Source material »
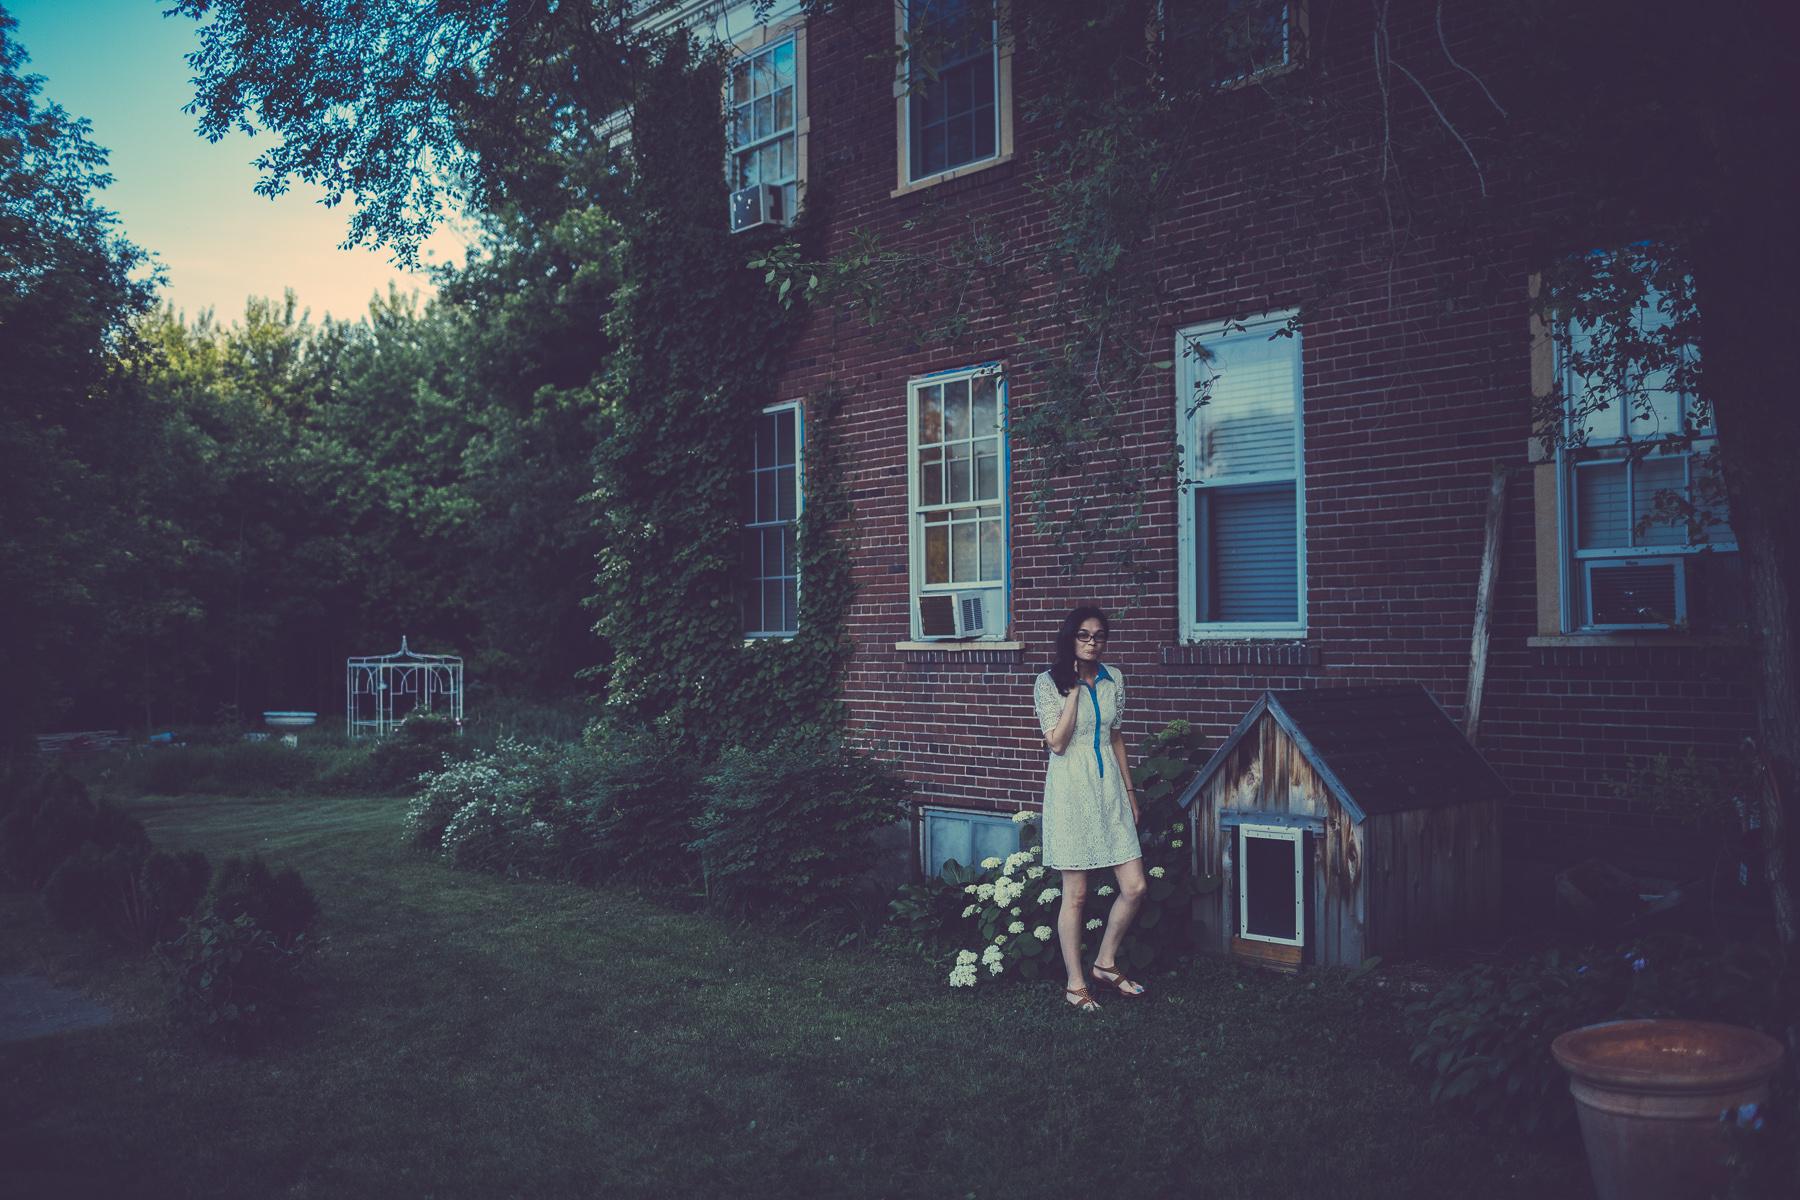 Lydia_Nihart_At_The_Outing_Lodge_Stillwater_Minnesota_By_Photographer_Joe_Lemke_033.JPG
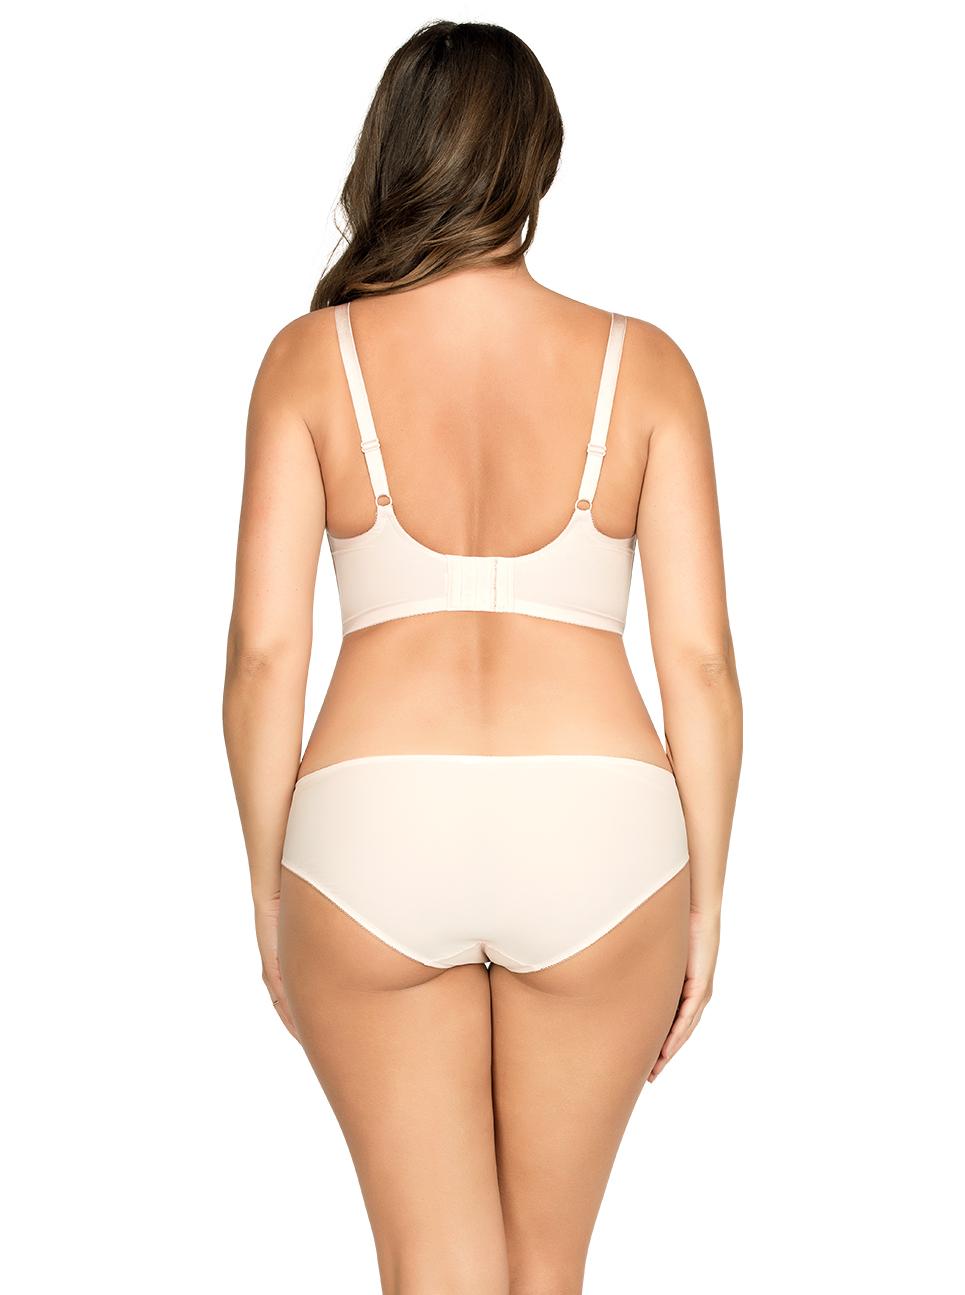 PARFAIT Cora UnlinedLonglineBraP5632 BikiniP5633 Back - Cora Unlined Longline Bra - Pale Blush - P5632
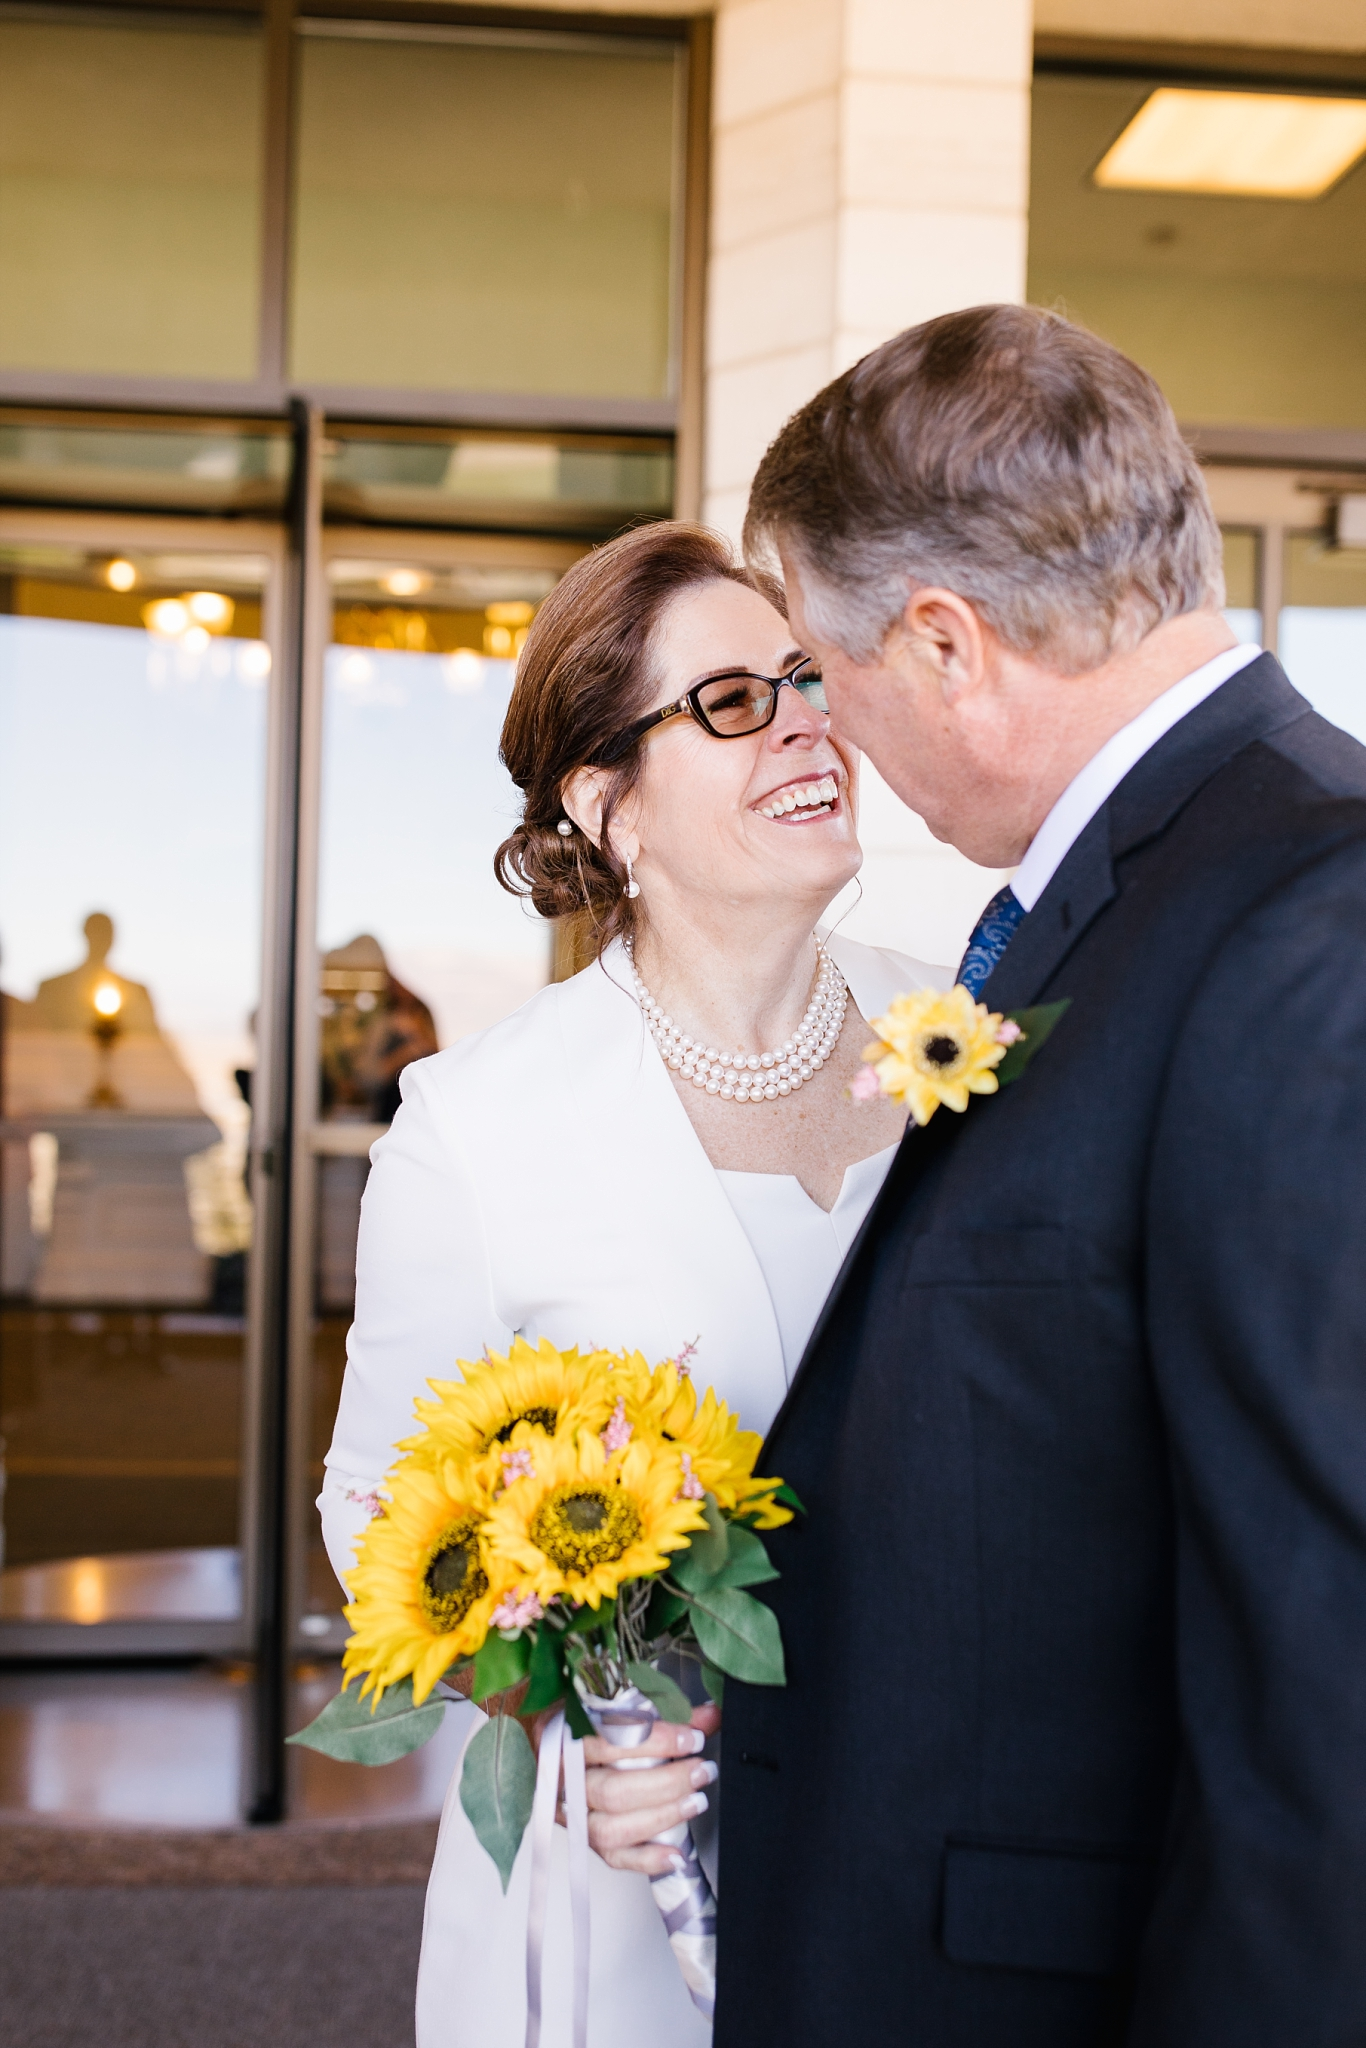 PDWeddingDay-4_Lizzie-B-Imagery-Utah-Wedding-Photographer-Park-City-Salt-Lake-City-Manti-Utah-Temple.jpg
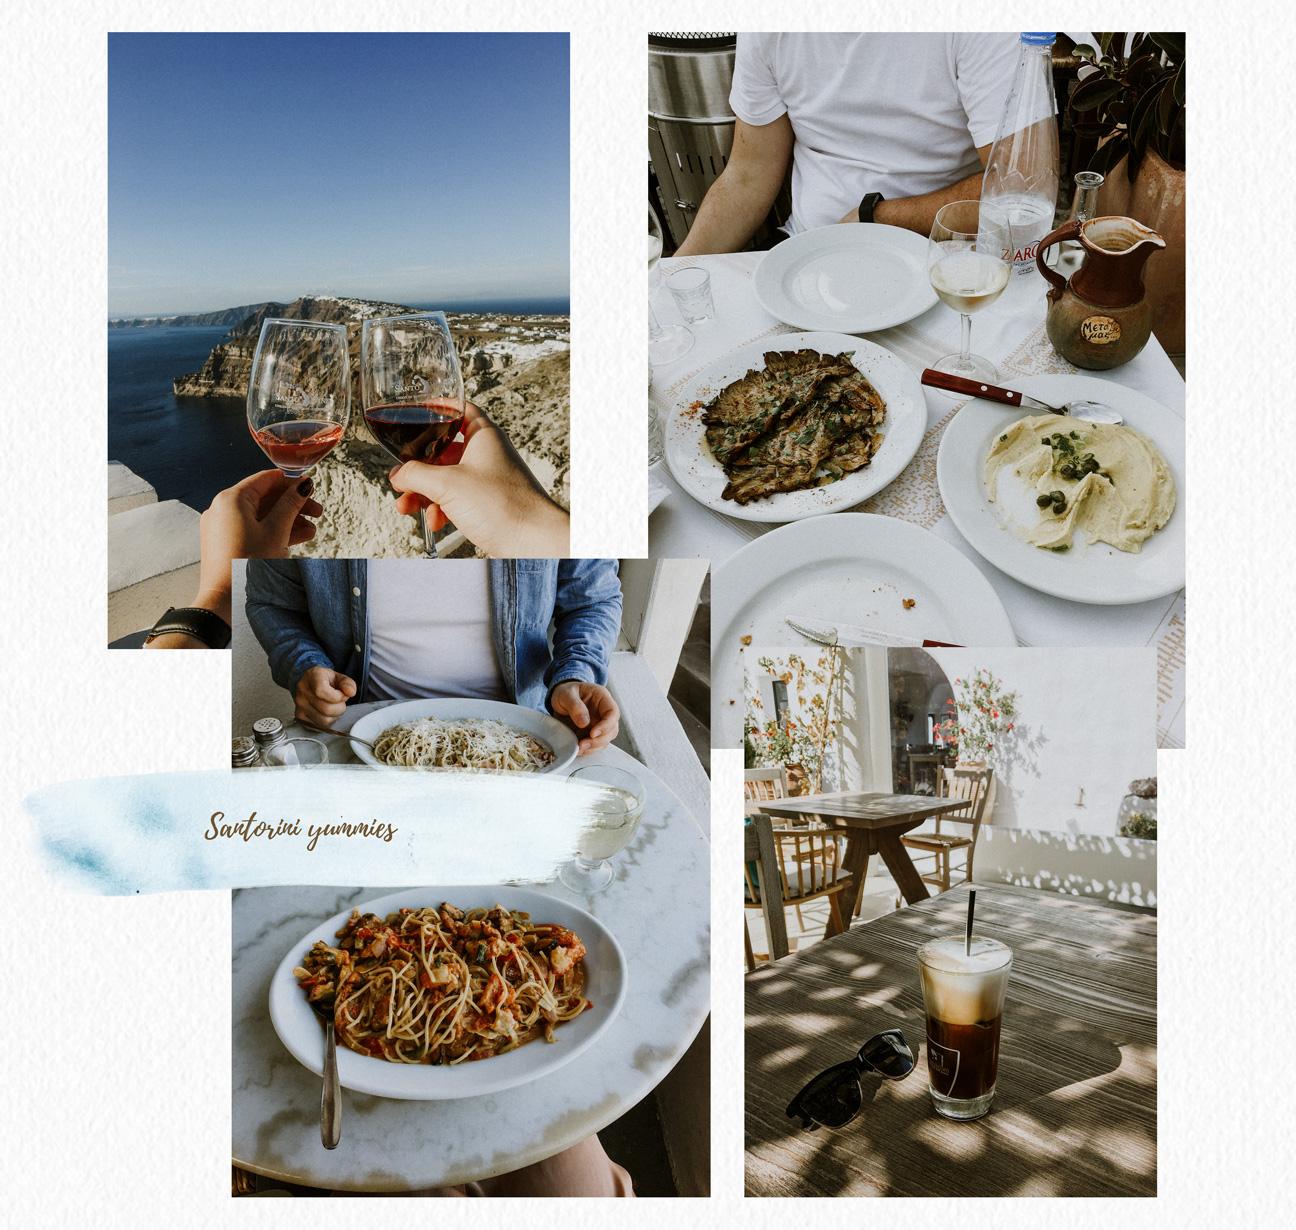 Santorini food and drinks

Work task » Skip the pictures, then return the rest of the data exactly.

Answer box »
 Lydia_Nihart_At_The_Outing_Lodge_Stillwater_Minnesota_By_Photographer_Joe_Lemke_033.JPG
 PARFAIT Cora UnlinedLonglineBraP5632 BikiniP5633 Back - Cora Unlined Longline Bra - Pale Blush - P5632
 PDWeddingDay-4_Lizzie-B-Imagery-Utah-Wedding-Photographer-Park-City-Salt-Lake-City-Manti-Utah-Temple.jpg
 Santorini food and drinks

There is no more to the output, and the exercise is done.